Friday, December 19, 2008

r = x + y

r = x + y

r = research
x = depth in existing knowledge
y = new knowledge

Waiting until mastering all existing knowledge on a subject before creating new knowledge is probably going to miss the train. Creating new knowledge without mastering existing knowledge is probably going to result in duplicate efforts and to lack depth. The challenge is to find the right balance!

(The equation is extracted from here)

A community index of programming languages

You can find this index here. It is based on search hits from popular search engines. So, it may not necessarily indicate if the language in question is the best or the most widely used. However, it gives some indication of the current trend based on the assumption that higher the search hits, the higher the popularity. Like Google Flu Trend (although it is based on the frequency of search key words), they need to have a clever way of handling false positives in order to give an objective confidence value of the stats. (As pointed out, how do you differentiate between "Basic Programming" and "Basic Programming with Java"?) They only seem to have a manual approach for this which could be tedious, time-consuming and error prone. I think a key reason for false positives is current mainstream search engines are unable to perform context-aware search (for example, if major search engines could answer "current top five programming languages" accurately, the problem could have been trivial) (to my knowledge, context-aware search technologies have yet come out of research labs). Absent of such capabilities, I am sure there should be research work in IR (Information Retrieval) and DM (Data Mining) to attack such problems and automate the task. Off the top of my head, I think we may be able to adapt something similar to Association Rules mining; once we get the search hit list, we can find the support for each language under consideration and then calculate the confidence using those support values.
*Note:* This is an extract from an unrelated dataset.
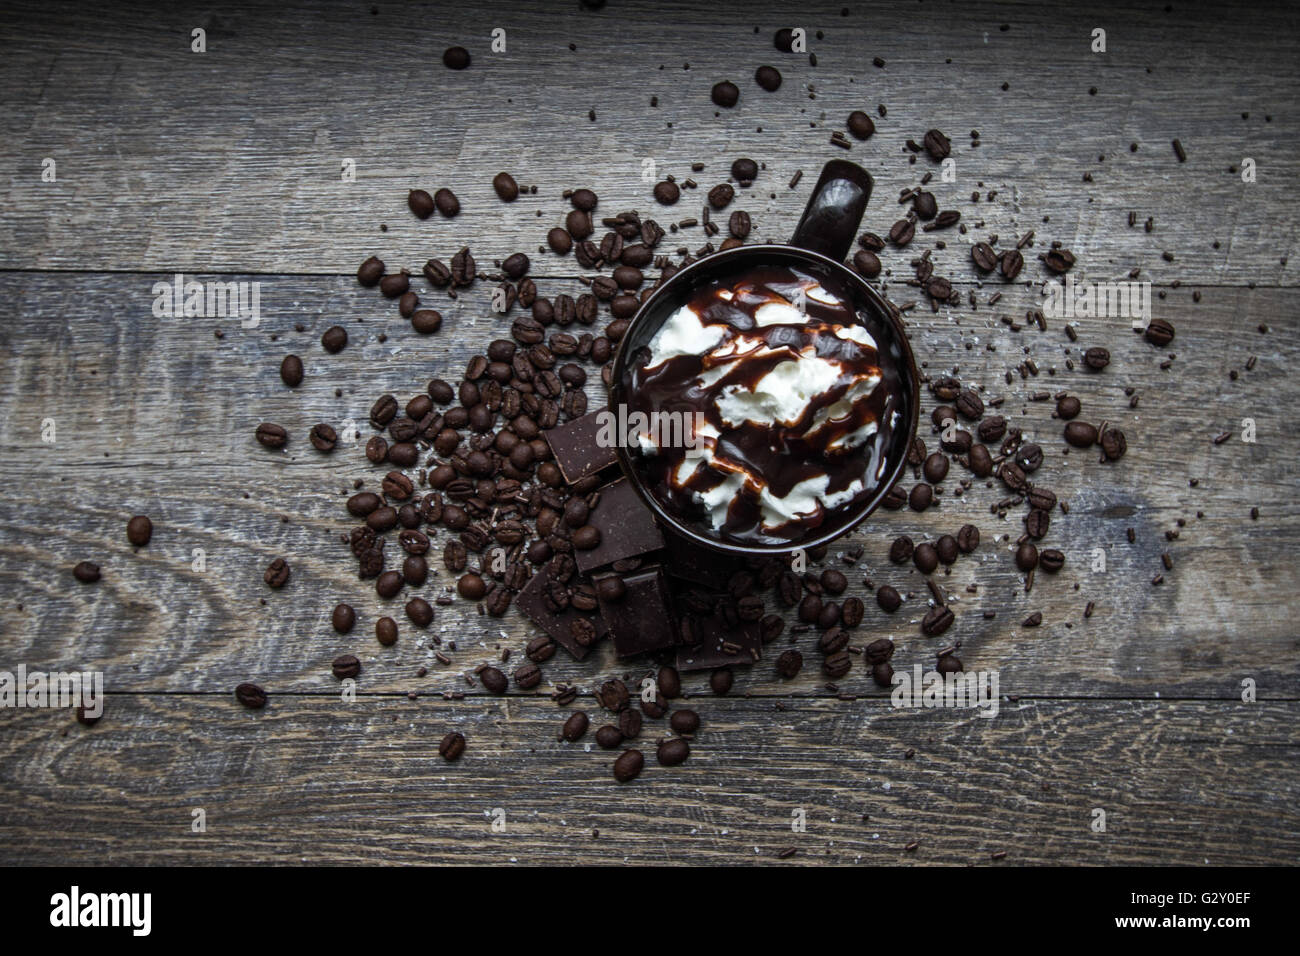 Mocha Latte With Coffee Beans And Dark Chocolate. Mocha Latte shot from above surrounded with coffee beans and pieces of dark ch Stock Photo

Even if the false positives are minimized, does this index really give a measure of popularity? I think the answer is quite subjective. There may be articles criticizing one language or the other. Some languages could be so easy to use that there is no need for extensive tutorials, references, etc. They may need to take some of the following matrices to device a better index:

-what languages companies use
-tooling and other support (libraries, etc.) available for languages (both commercial and free - should there be a trend based on whether those are commercial or free, it needs to considered as well)
-what current open/closed code bases use and their sizes, and better yet the growth factor
-giving different weights to blog entries, forum messages, normal articles, tutorials, etc.
-making the search outcome time sensitive
-and so on.

Provided that we have an accurate index, how could this be useful? For different stakeholders, it may be good a decision point. For example, if you are company developing software, you may want to make sure that you select mainstream languages with the hope that you won't be short of human resources and you'll have guaranteed support and tooling available. If you're a tool developer, both upward and downward trends could create opportunities for you; with upward trend, you'll have a larger market to target at. If a language shows a downward trend, you may want to analyze if it is due to some gap such as lack of tooling support, and fill the gap.